#### EXERCISE PROMPT
Your task is to transcribe all of the data below exactly, omitting the images.

#### PROVIDED DATA
────────
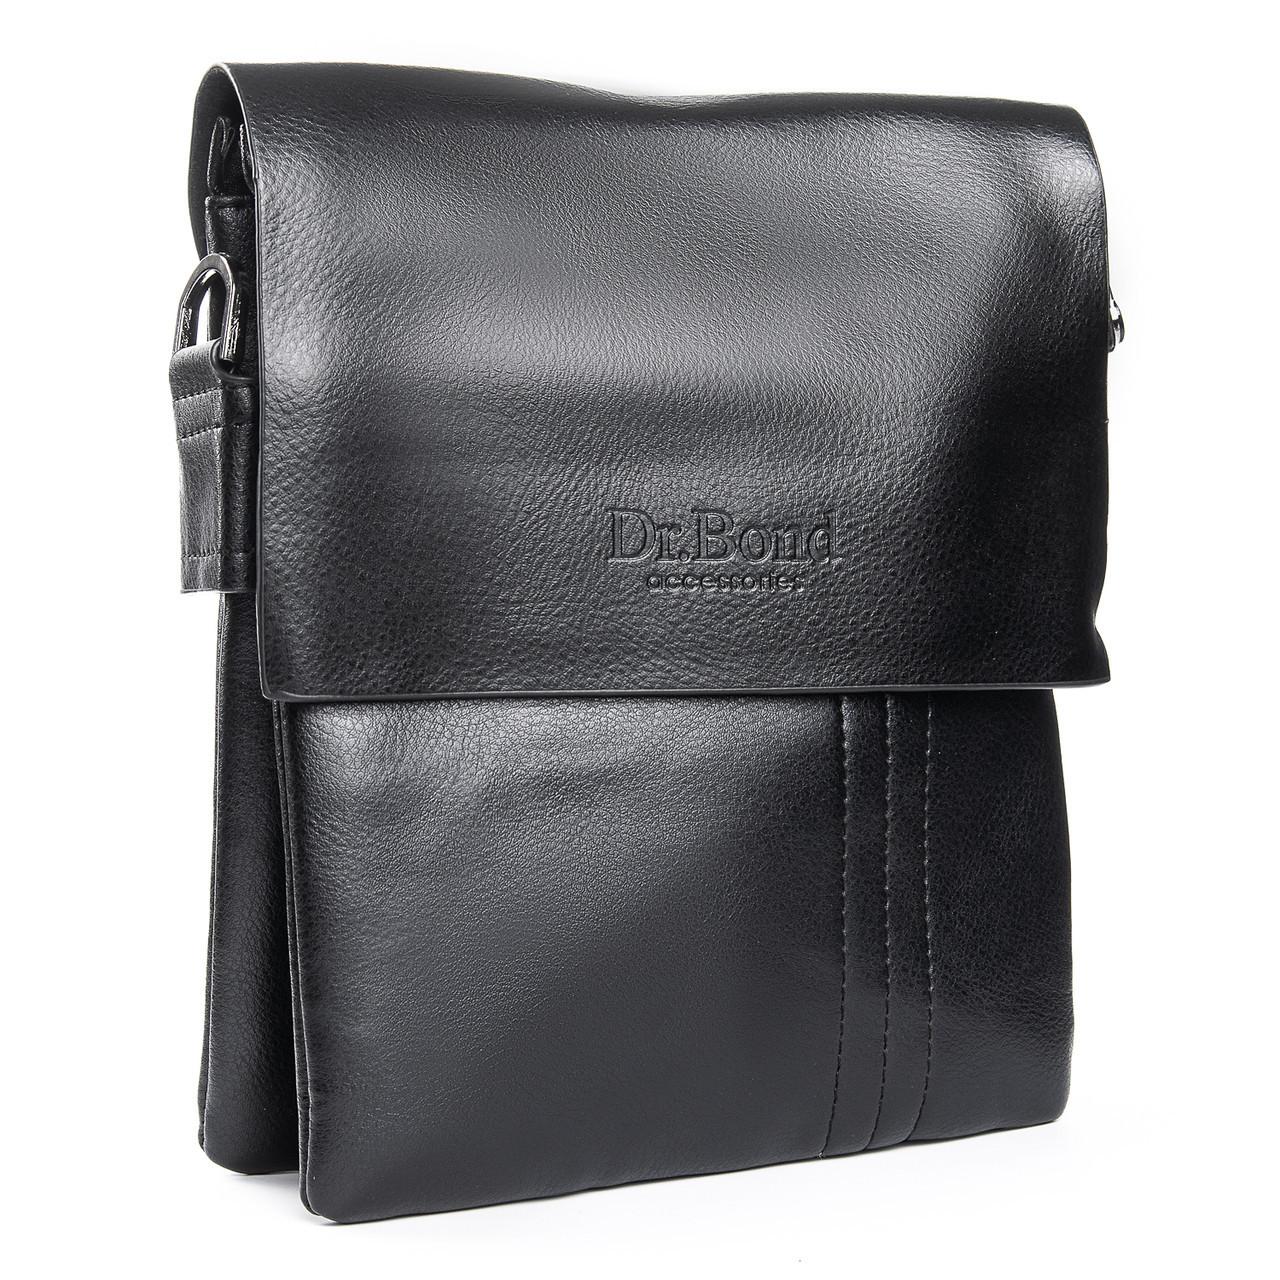 Мужская сумка из экокожи классическая DR. BOND (23*19*5 см) GL 305-2 black
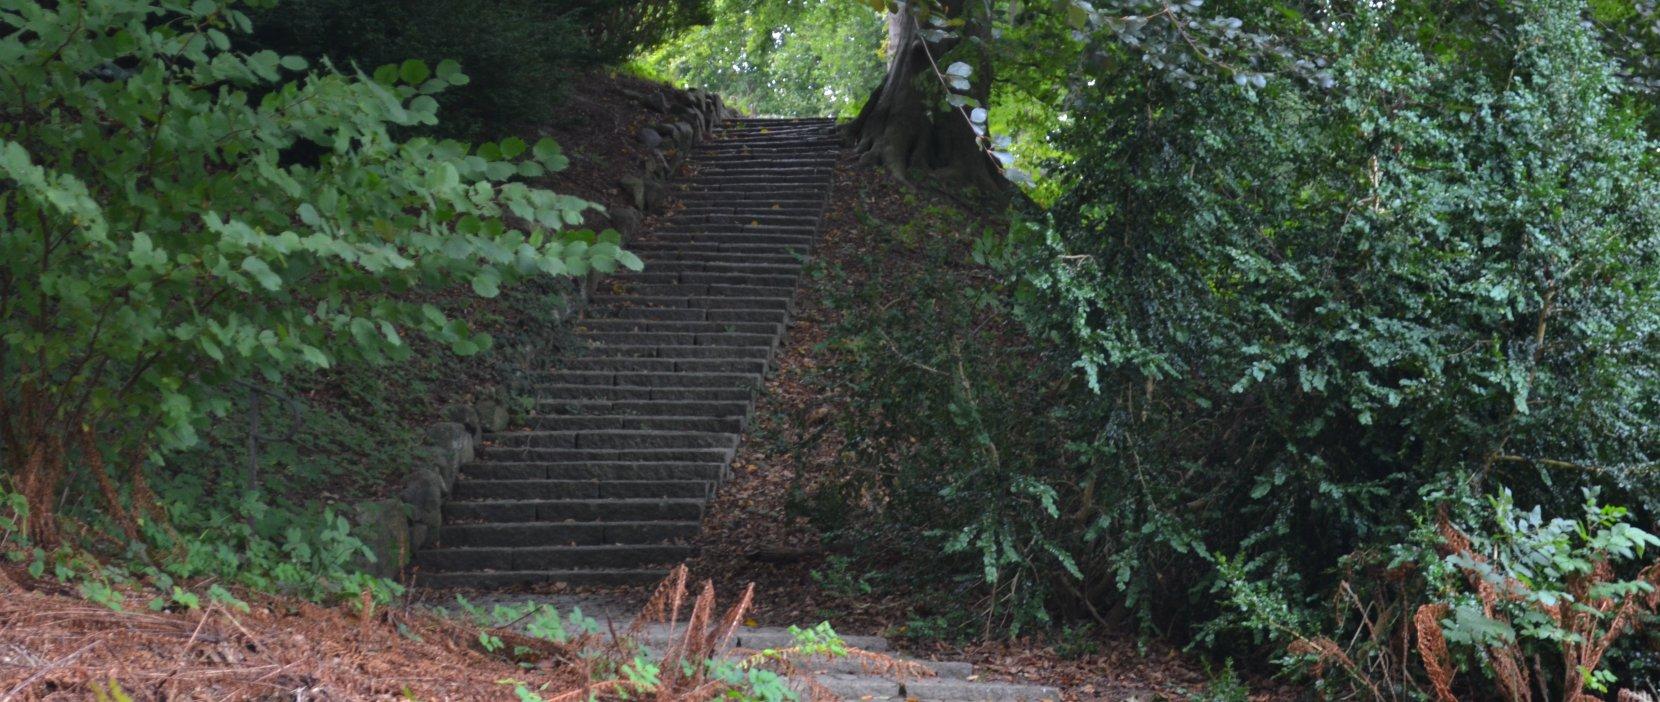 Foto: Søllerød Kirkegård lang trappe
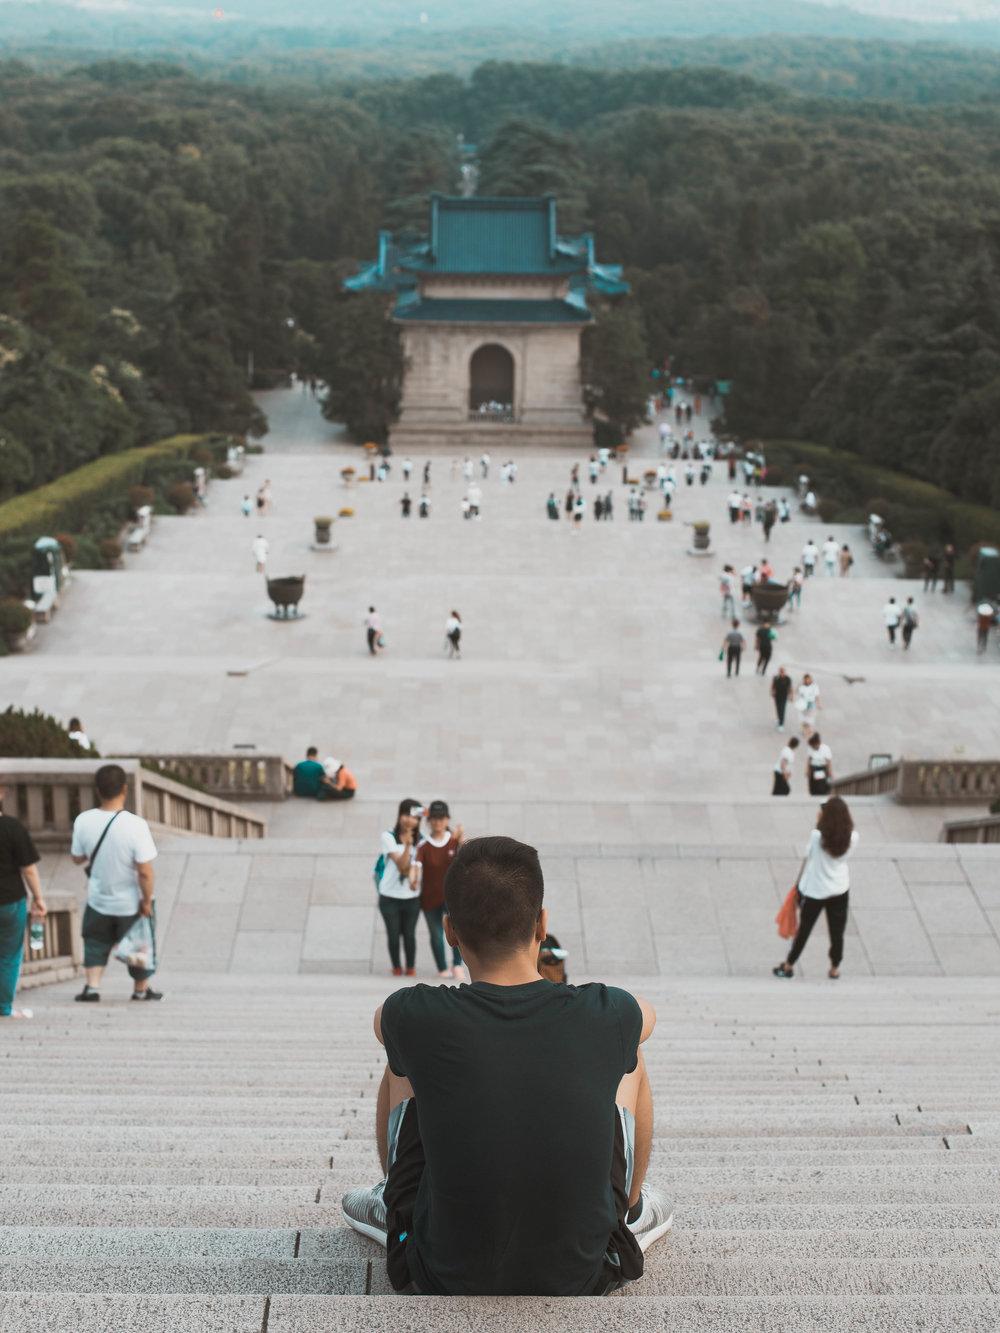 The top of the Dr. Sun Yat-sen Mausoleum in Nanjing
────────
#### YOUR SOLUTION
 Мужская сумка из экокожи классическая DR. BOND (23*19*5 см) GL 305-2 black
 Foto: Søllerød Kirkegård lang trappe
 The top of the Dr. Sun Yat-sen Mausoleum in Nanjing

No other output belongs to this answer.